TO DO
Return the whole listing unchanged. Drop the images.

DATA BLOCK: Begin

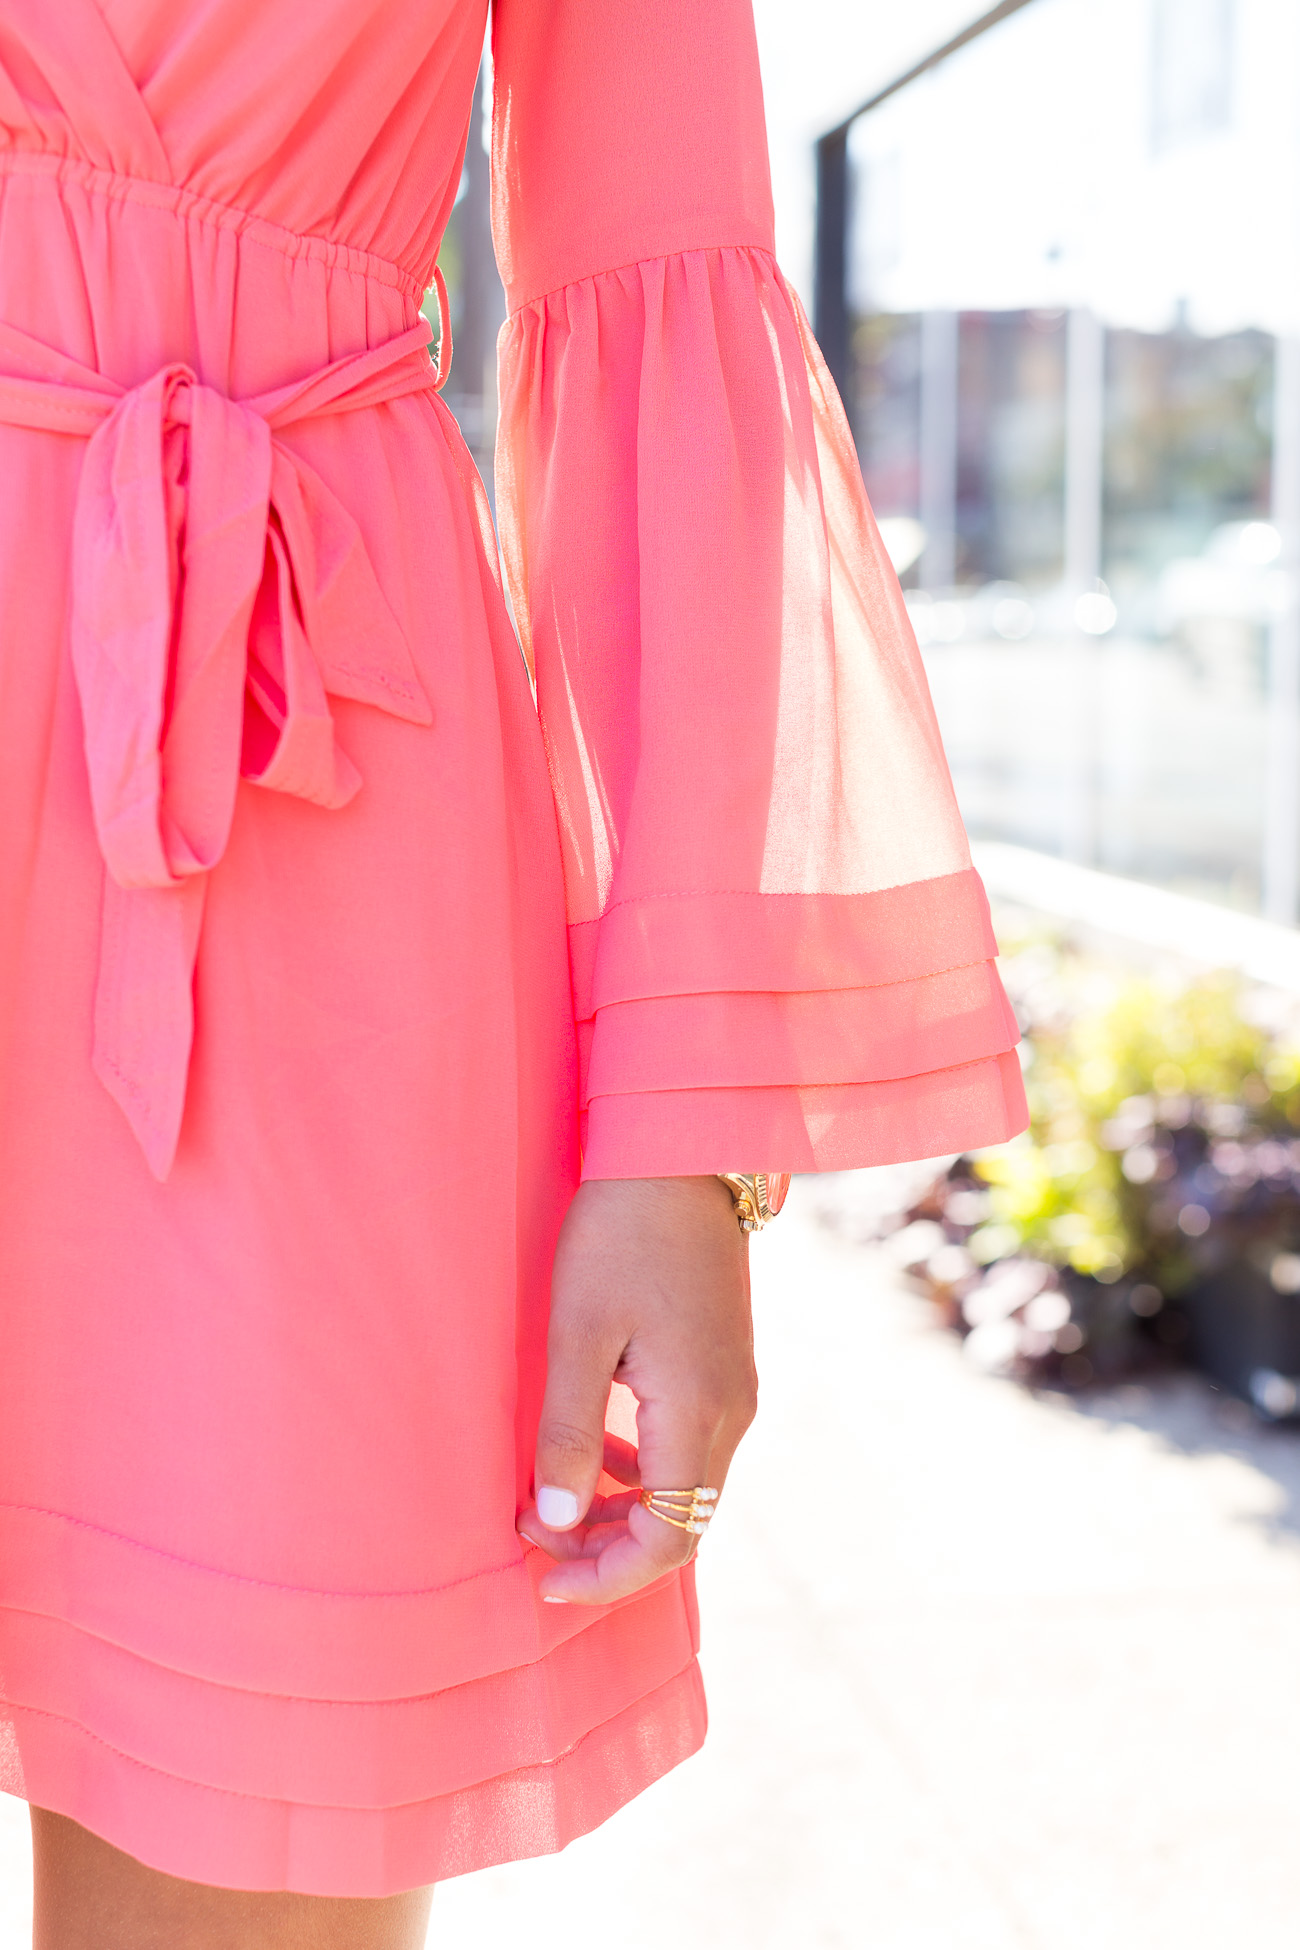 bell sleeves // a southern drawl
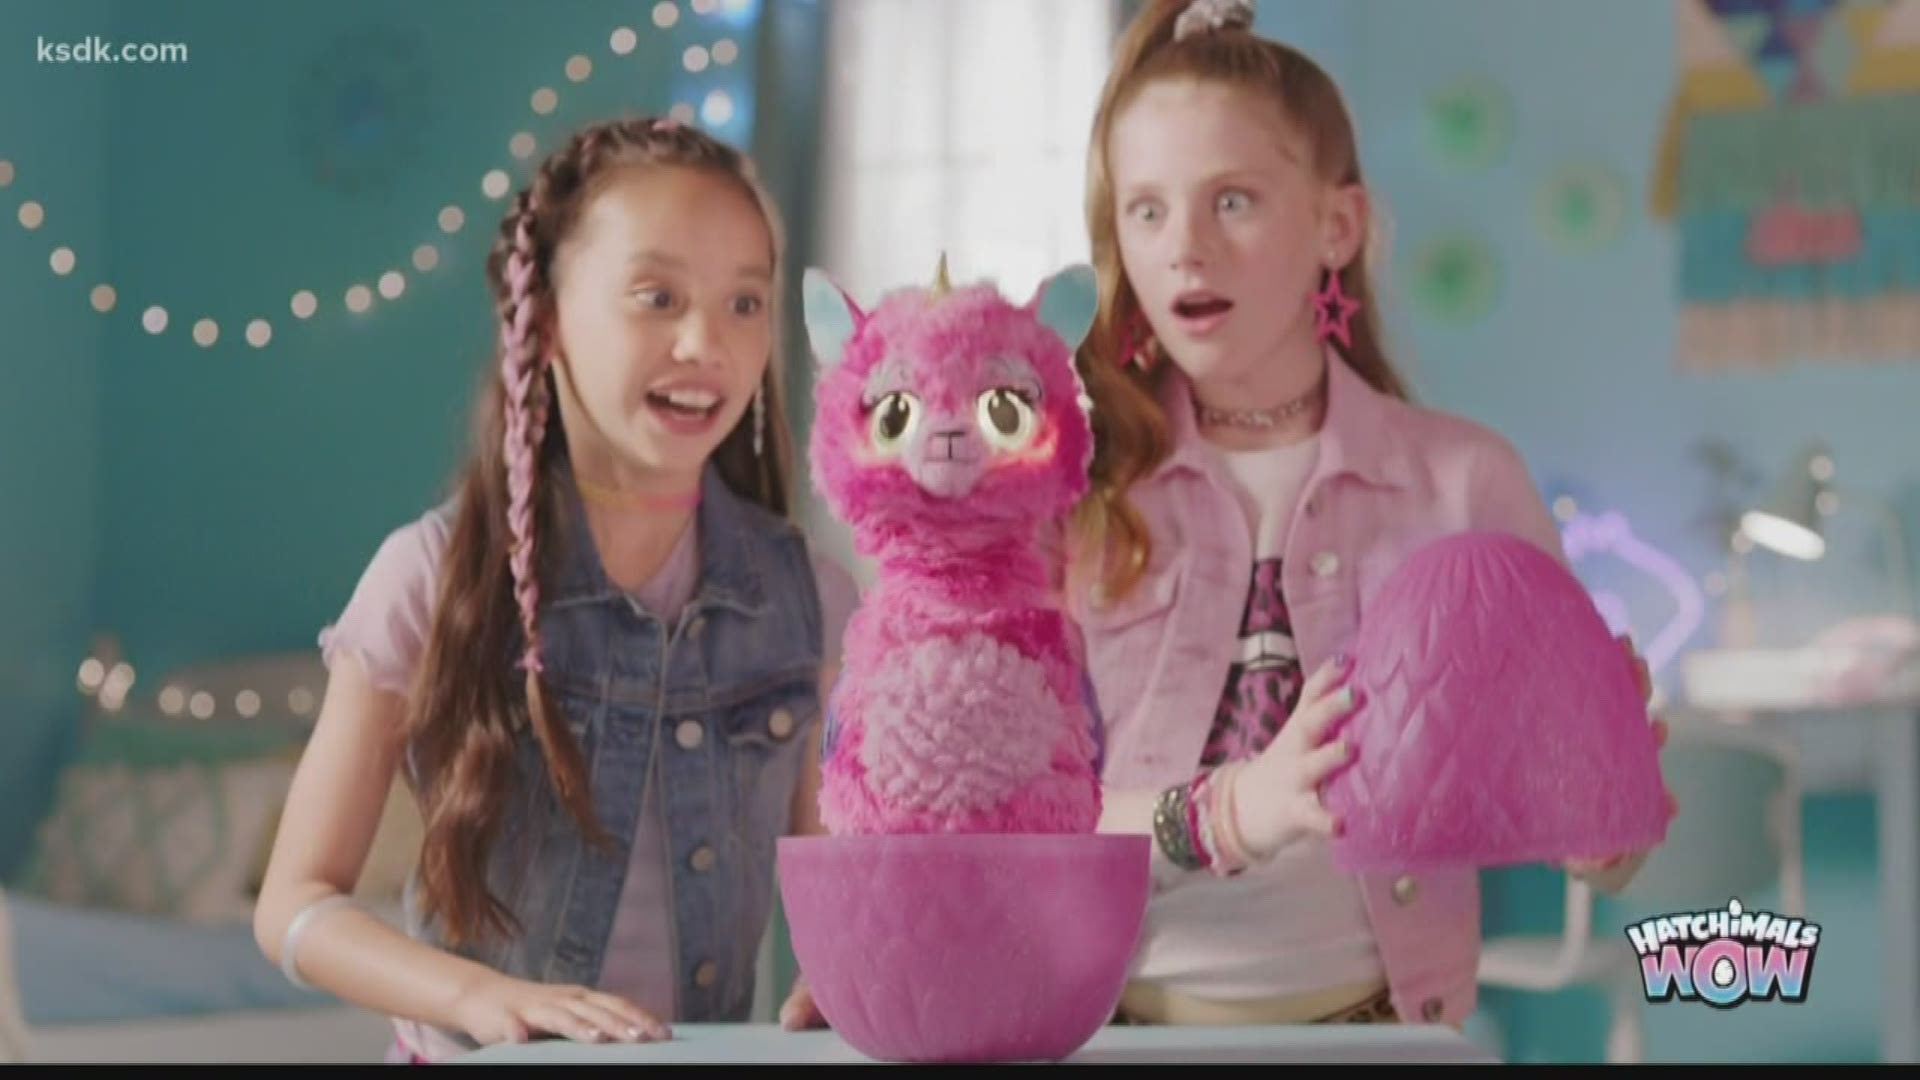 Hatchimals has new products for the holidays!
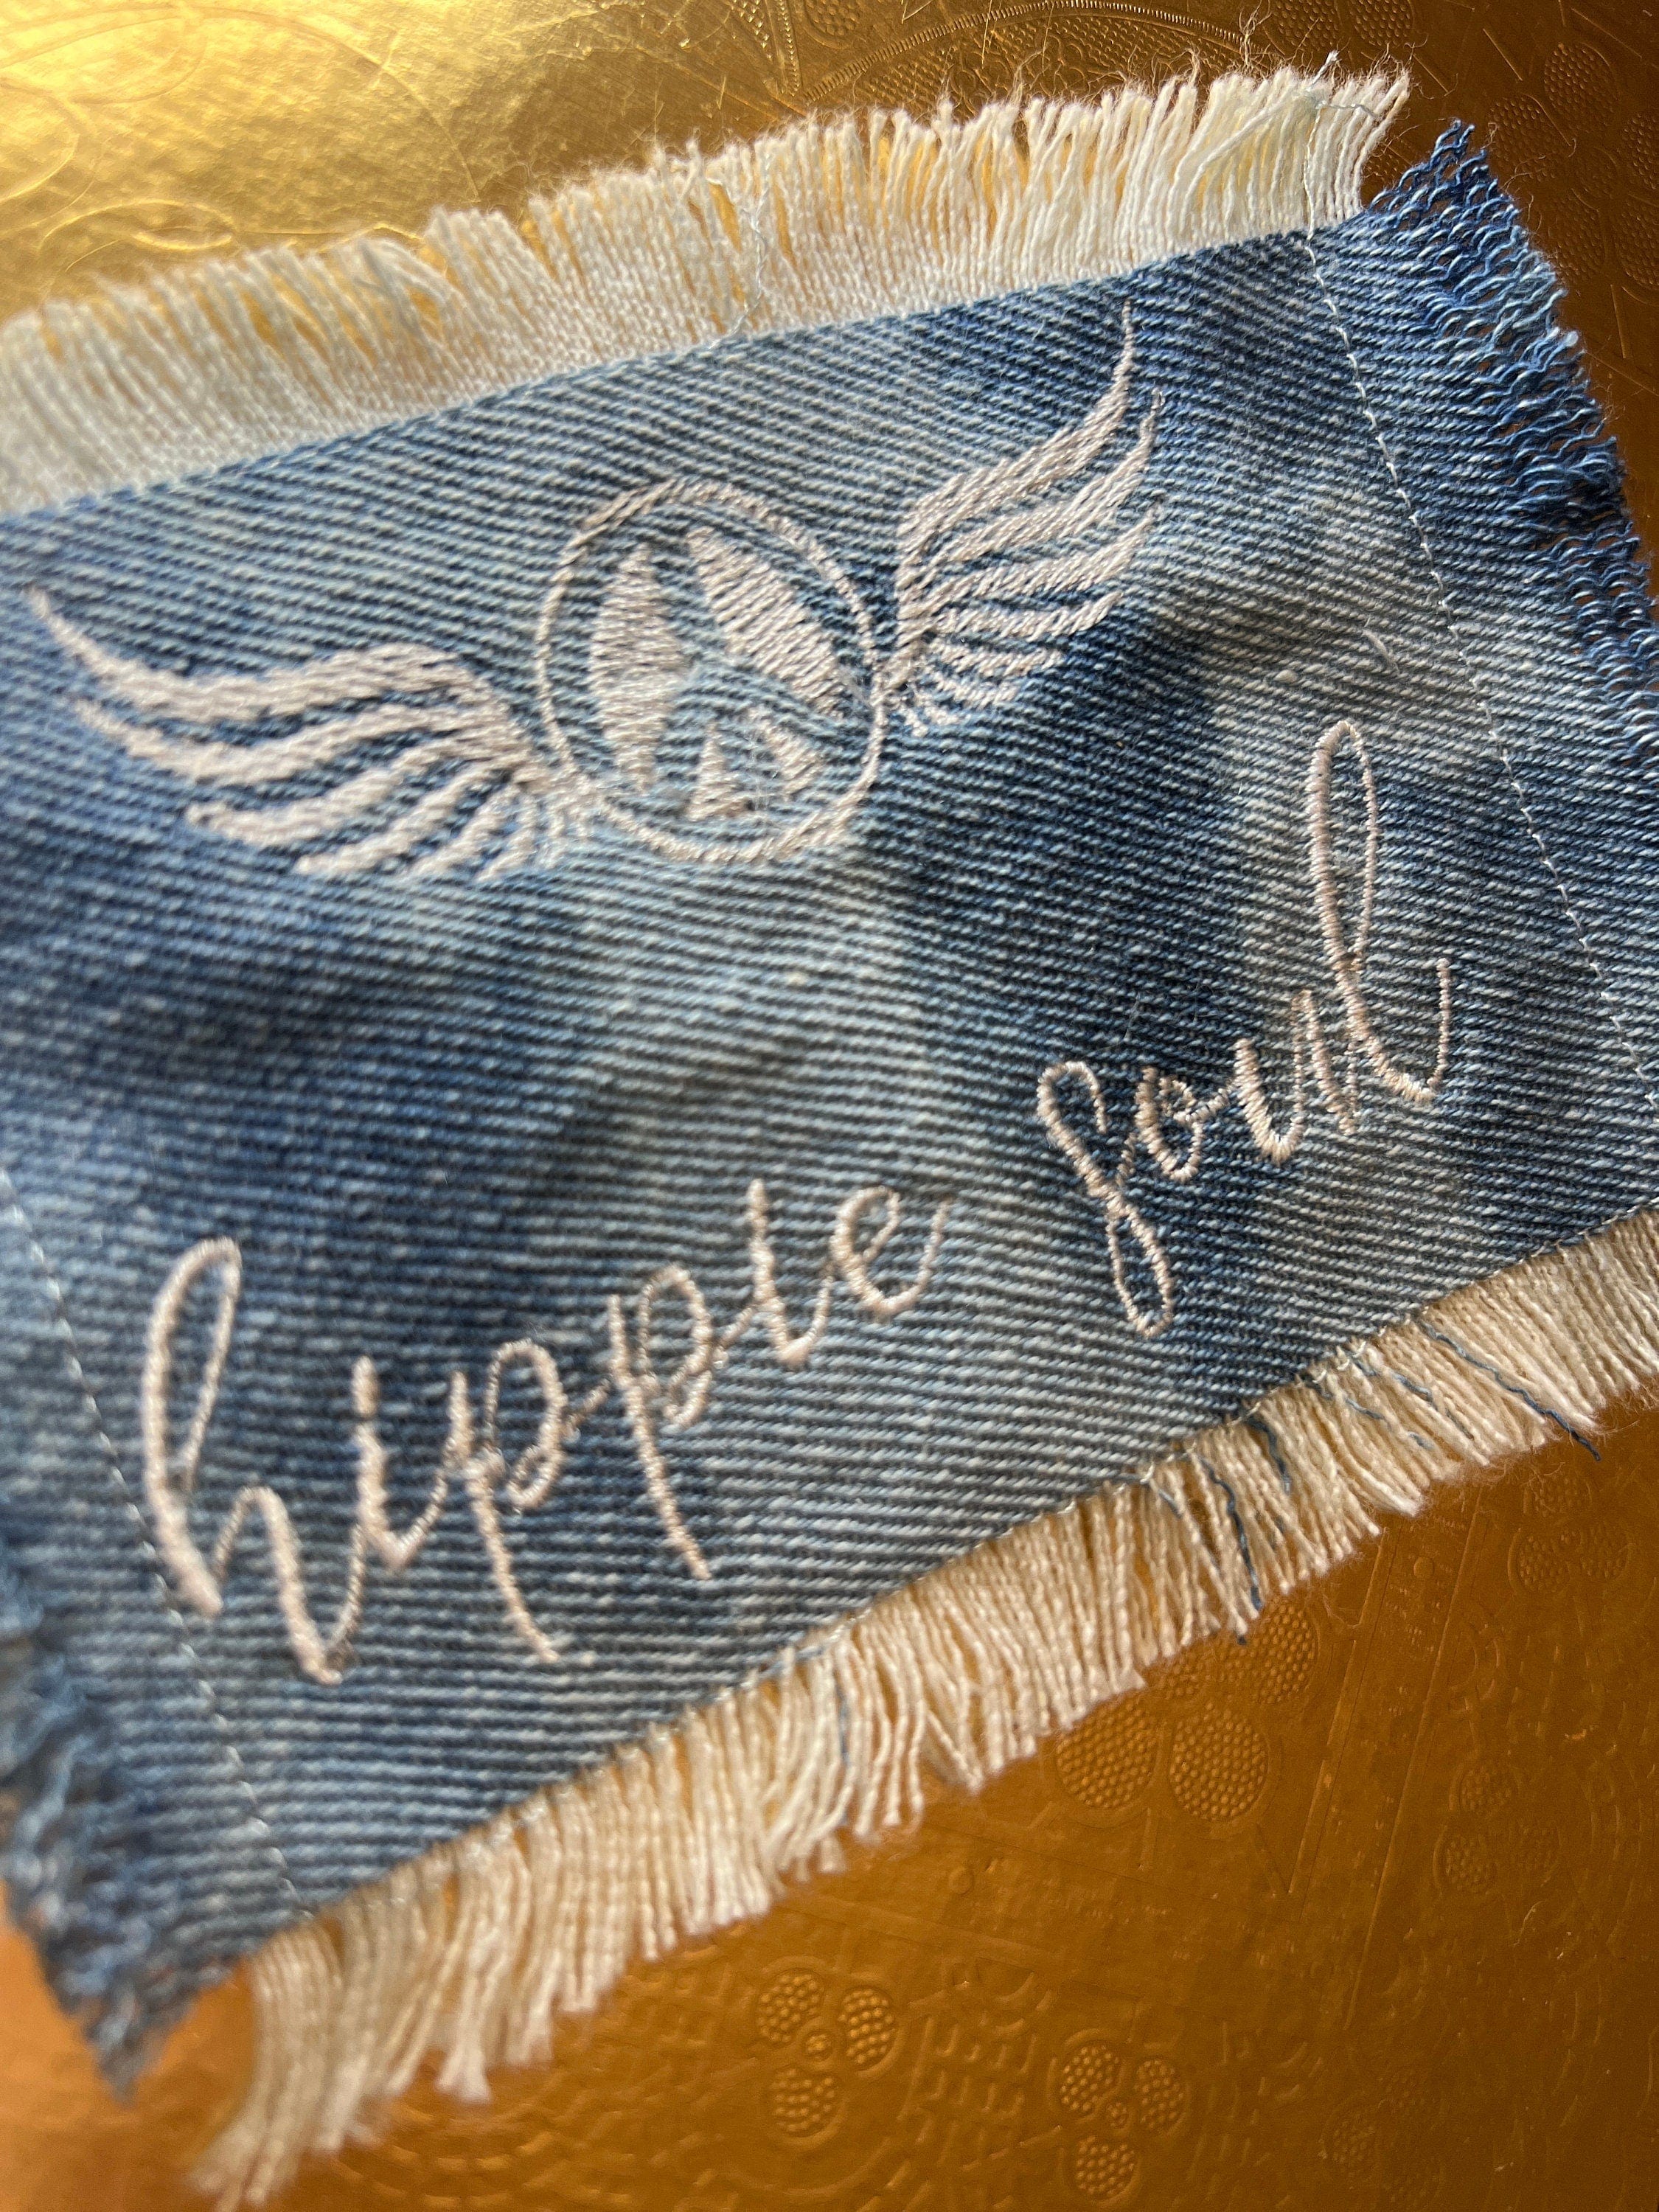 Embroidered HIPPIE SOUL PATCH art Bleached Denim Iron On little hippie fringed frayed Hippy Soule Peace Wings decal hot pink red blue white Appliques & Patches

DATA BLOCK: End

RESULT FOR THIS EXERCISE
 bell sleeves // a southern drawl
 Hatchimals has new products for the holidays!
 Embroidered HIPPIE SOUL PATCH art Bleached Denim Iron On little hippie fringed frayed Hippy Soule Peace Wings decal hot pink red blue white Appliques & Patches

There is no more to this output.